Subject to the above, UBQ’s liability hereunder for damage regardless of the form of action shall not exceed the fees excluding VAT paid by the Client to us pursuant to this agreement in the 12 month period preceding such claim.
The Client agrees that he shall not be entitled to set off any claim for damages against any claim by us for the work done and goods supplied.
In the course of business we receive confidential information from our clients and also pass on confidential information to them. We expect to keep confidential all such information until it is released into the public arena and expect our clients to do the same.
Unless we agree otherwise, copyright on any work produced by us for the Client remains with us but the Client will be entitled to use the products of our work for all the purposes contemplated in the design brief, provided we have completed the project in full and have been paid in full. Once we have completed the project in full and have been paid in full by our Client, we will assign such copyright or other rights as we have in the work without further charge.
The Client, in producing any material/information of any kind to us, warrants that he is entitled to use that material and agrees to indemnify us in respect of all claims, costs, damages and expenses incurred by us in the event of a claim by anyone else arising out of our use of that material. This includes but is not limited to claims arising out of alleged infringements of copyrights, patents and passing off, defamation, trademarks and confidential information.
While we take care not to infringe copyrights on other people’s work, should such an infringement take place without prior knowledge, the Client will bear the responsibility of any proceedings taken.
By the Copyright, Designs and Patents Act of 1988, design rights in three-dimensional objects lie with the Client. We will, however, retain design rights in any designs produced during the project but not selected for development by the Client.
Unless confidentiality would be breached by publication, we will have the right to announce our appointment on a project and thereafter to release information and visual material regarding the project. We will endeavour to keep the Client informed of such activity.

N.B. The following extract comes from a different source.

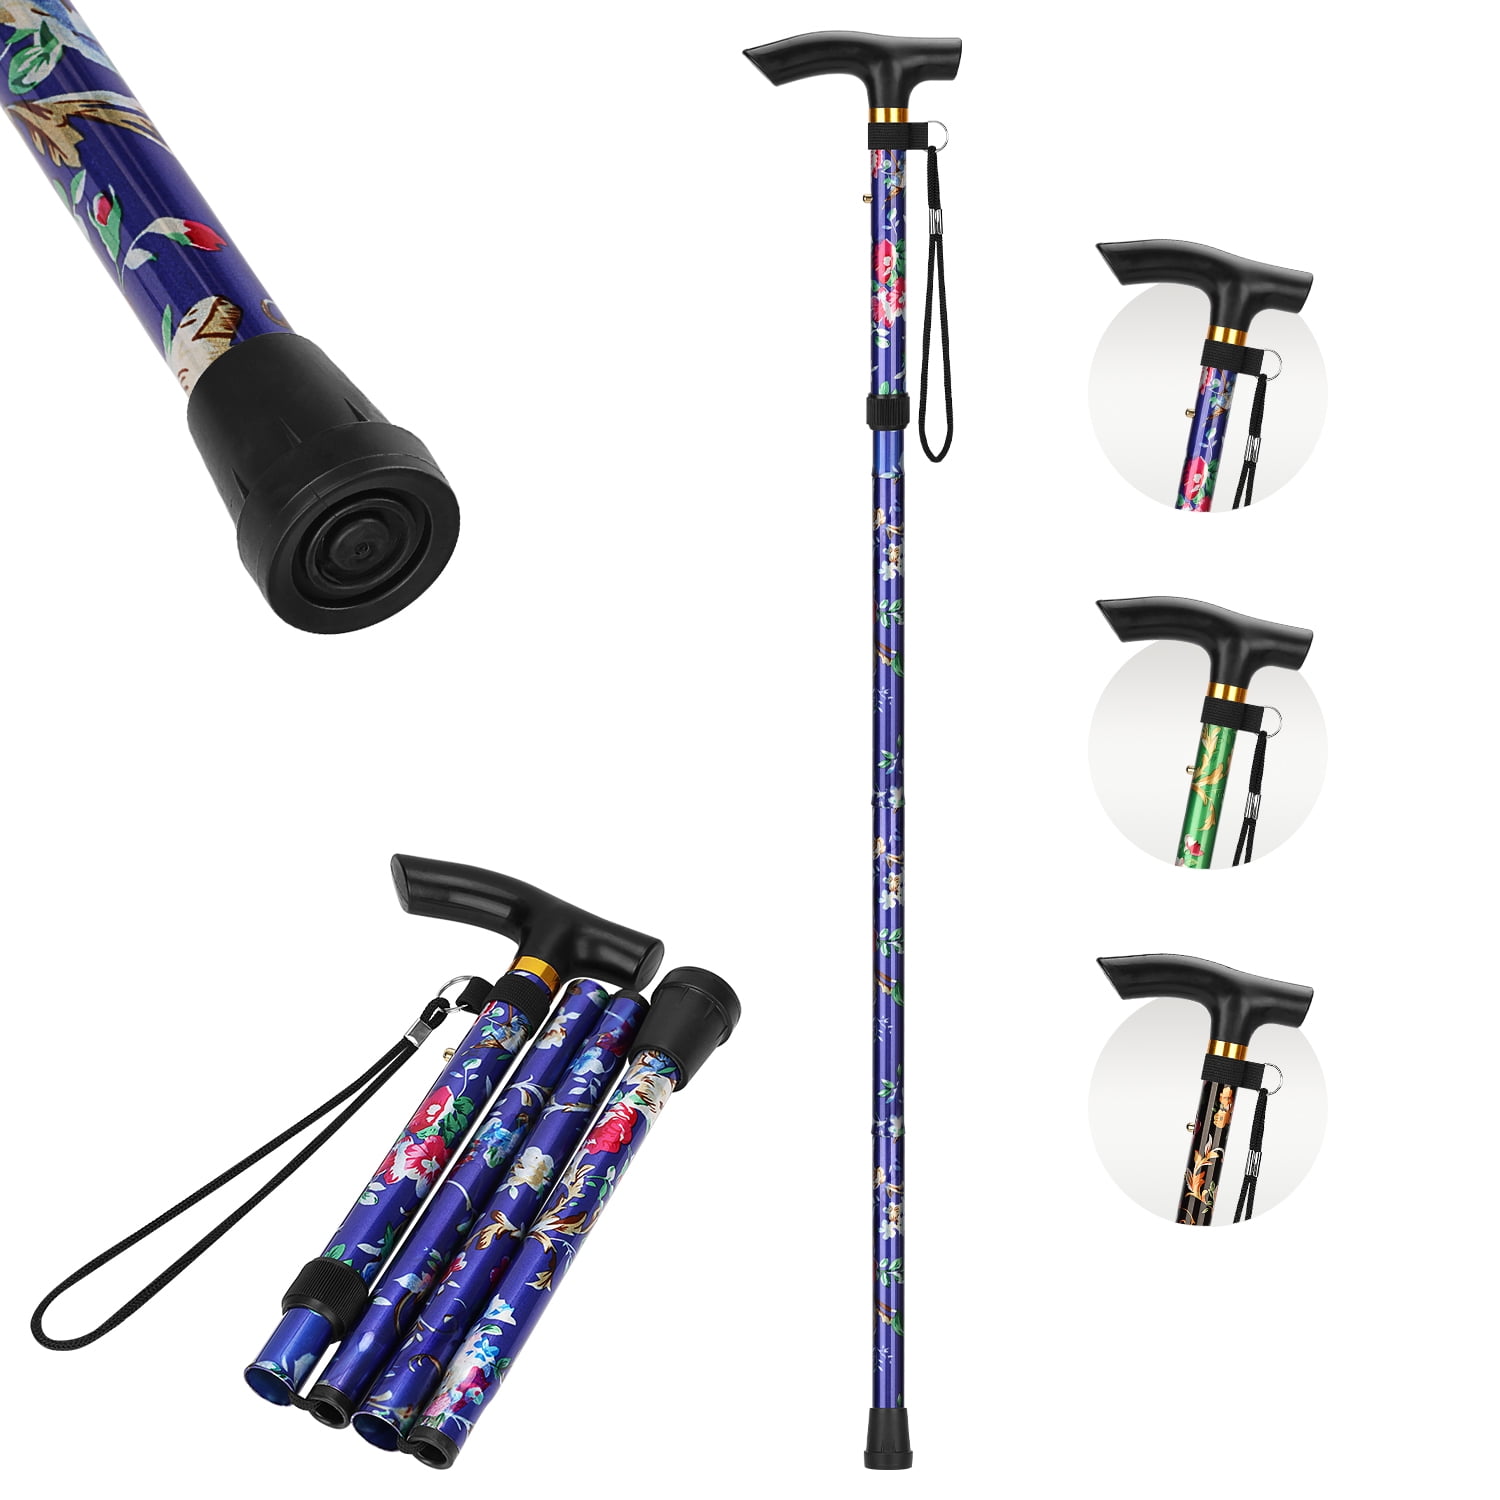 Entros Single Leg Foldable Walking Stick | Height Adjustable | Lightweight  Aluminum Cane with Anti-Skid Base, Offers Superior Stability | Ideal for
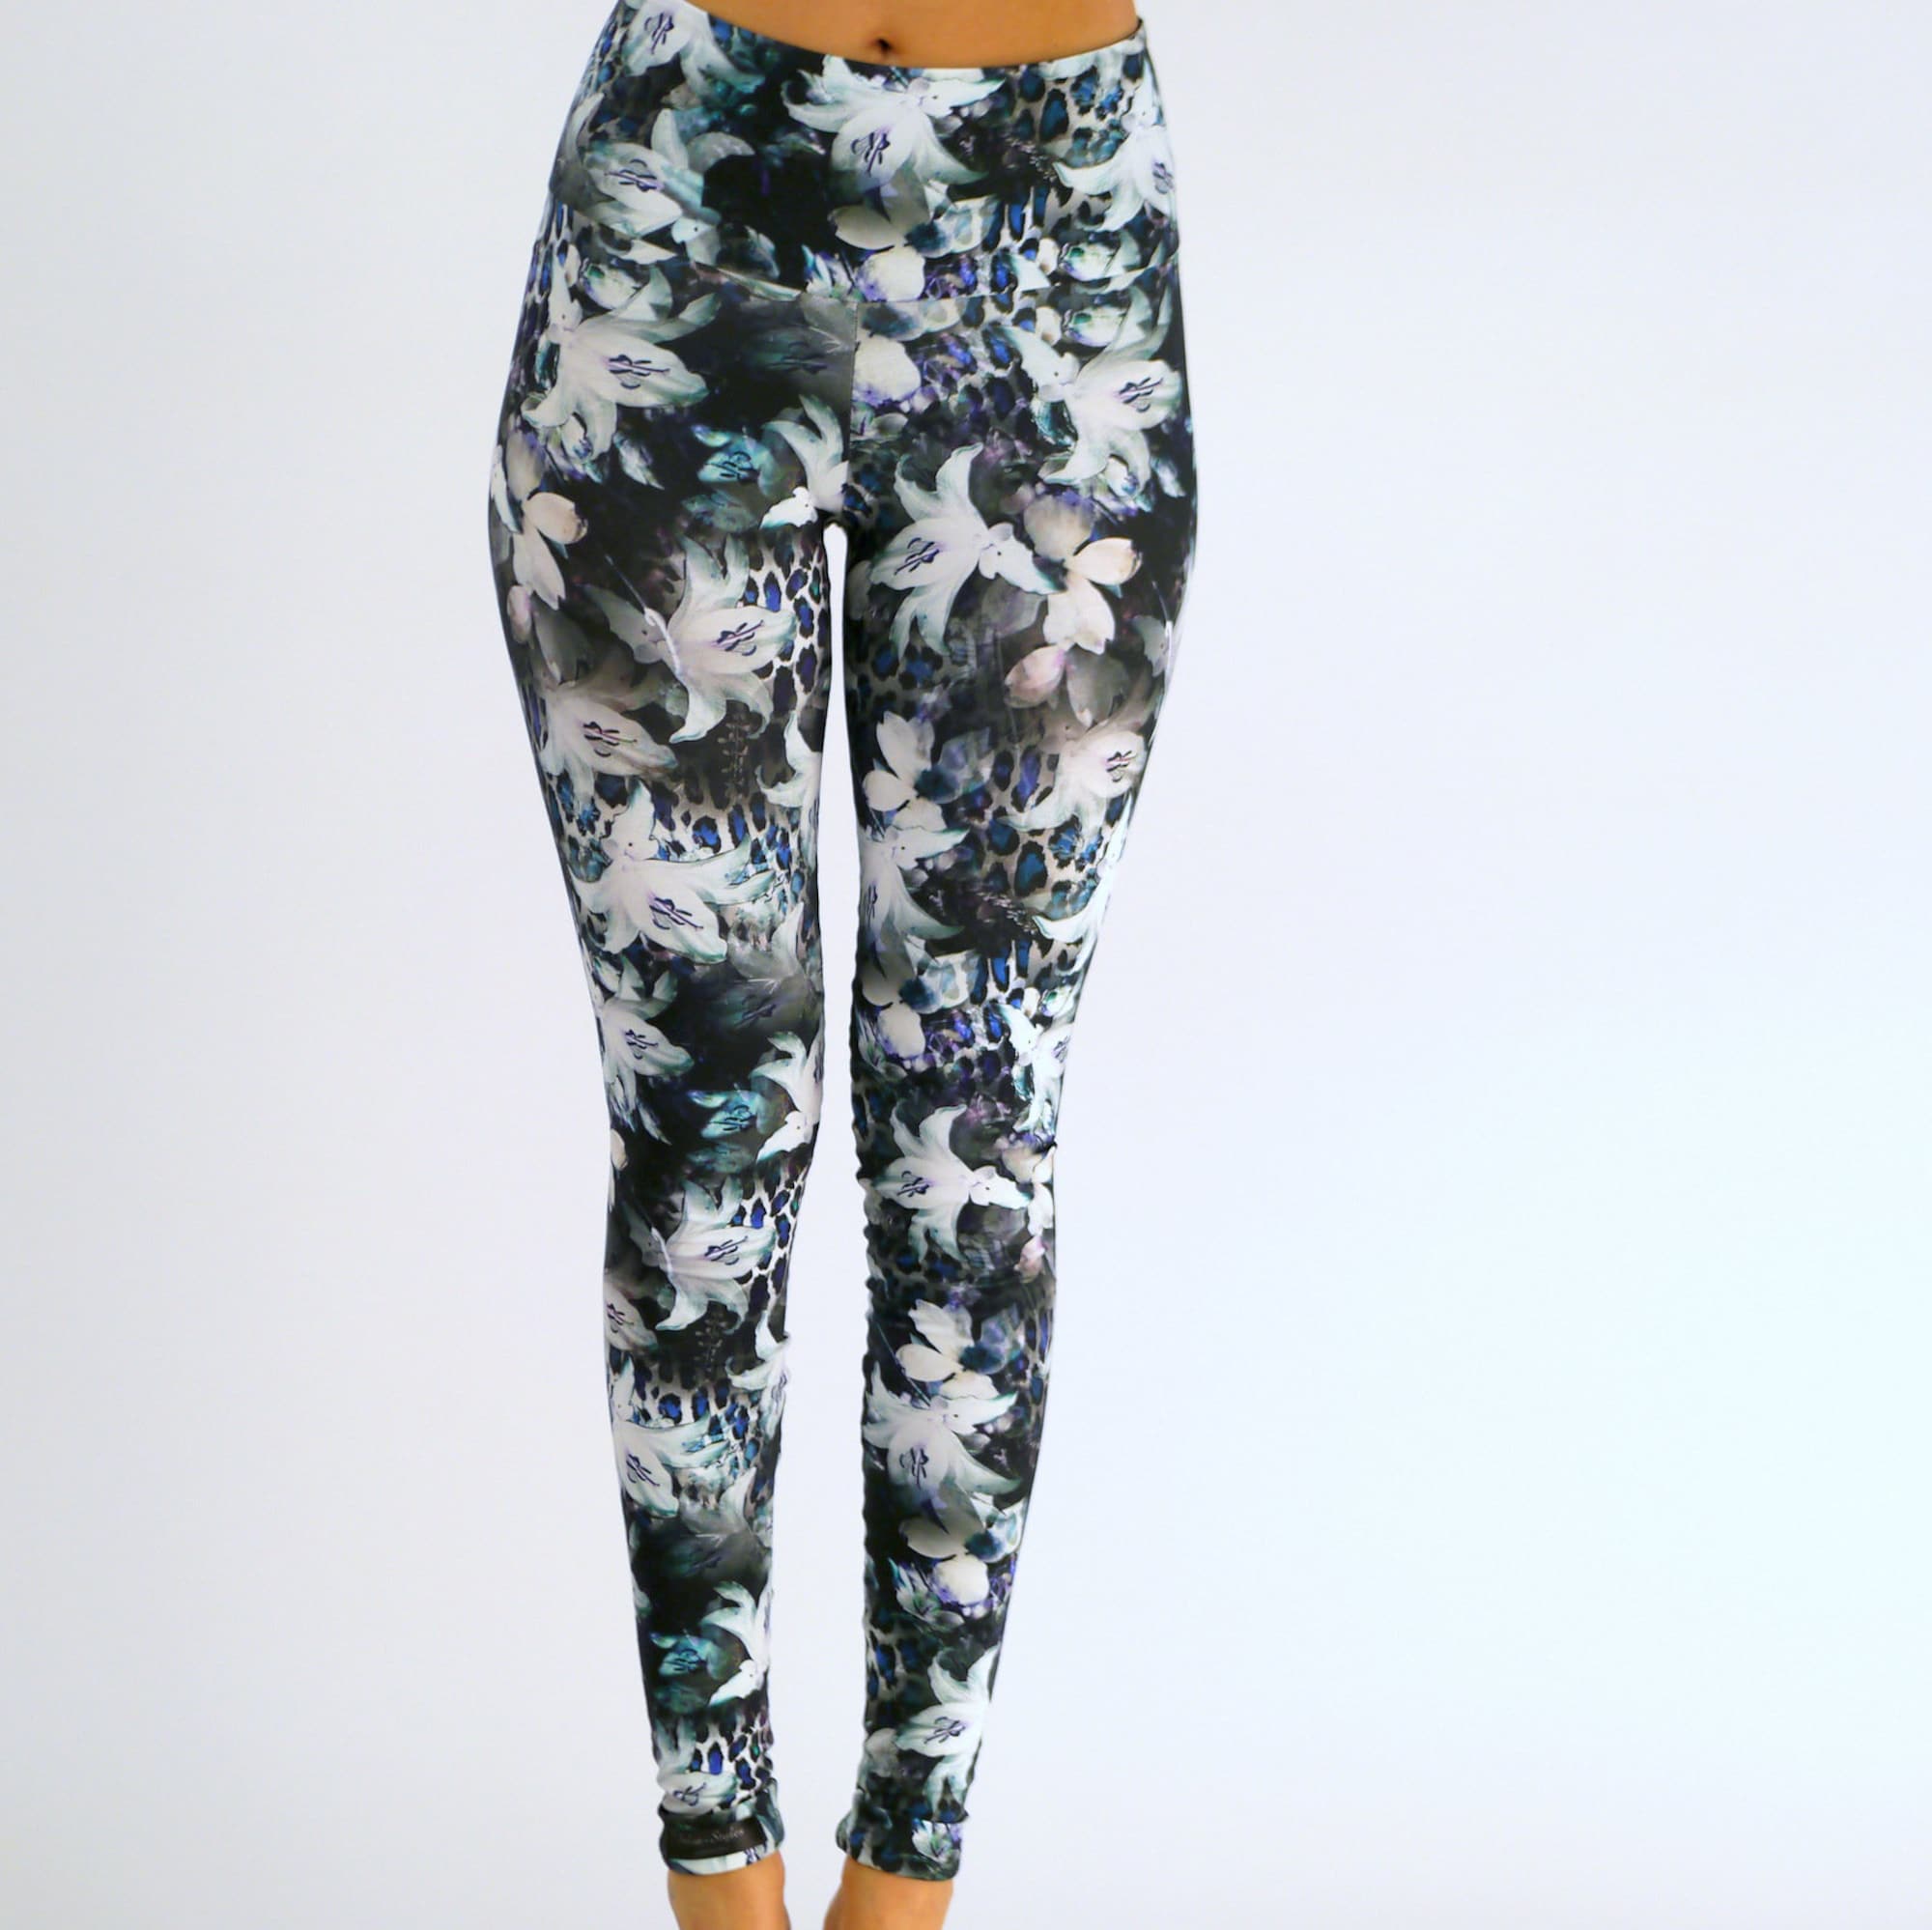 Discover Cotton leggings with floral motif

The Client will allow us all reasonable access for photography and will supply samples of printed matter in good condition for our files and promotional purposes. Such samples or photography may be used by the company or their employees for promotional or portfolio purposes.
These terms and conditions of business are the only terms and conditions of business upon which we contract with our Clients and to the extent that they may conflict with any standard terms and conditions of business of our Clients, these terms and conditions must prevail. These terms and conditions may only be amended by one of our directors in writing. These terms are the terms on which we do business. They are to be read with any letter from us setting out our proposals for the Client. In asking us to work for them, the Client agrees to be bound by these terms.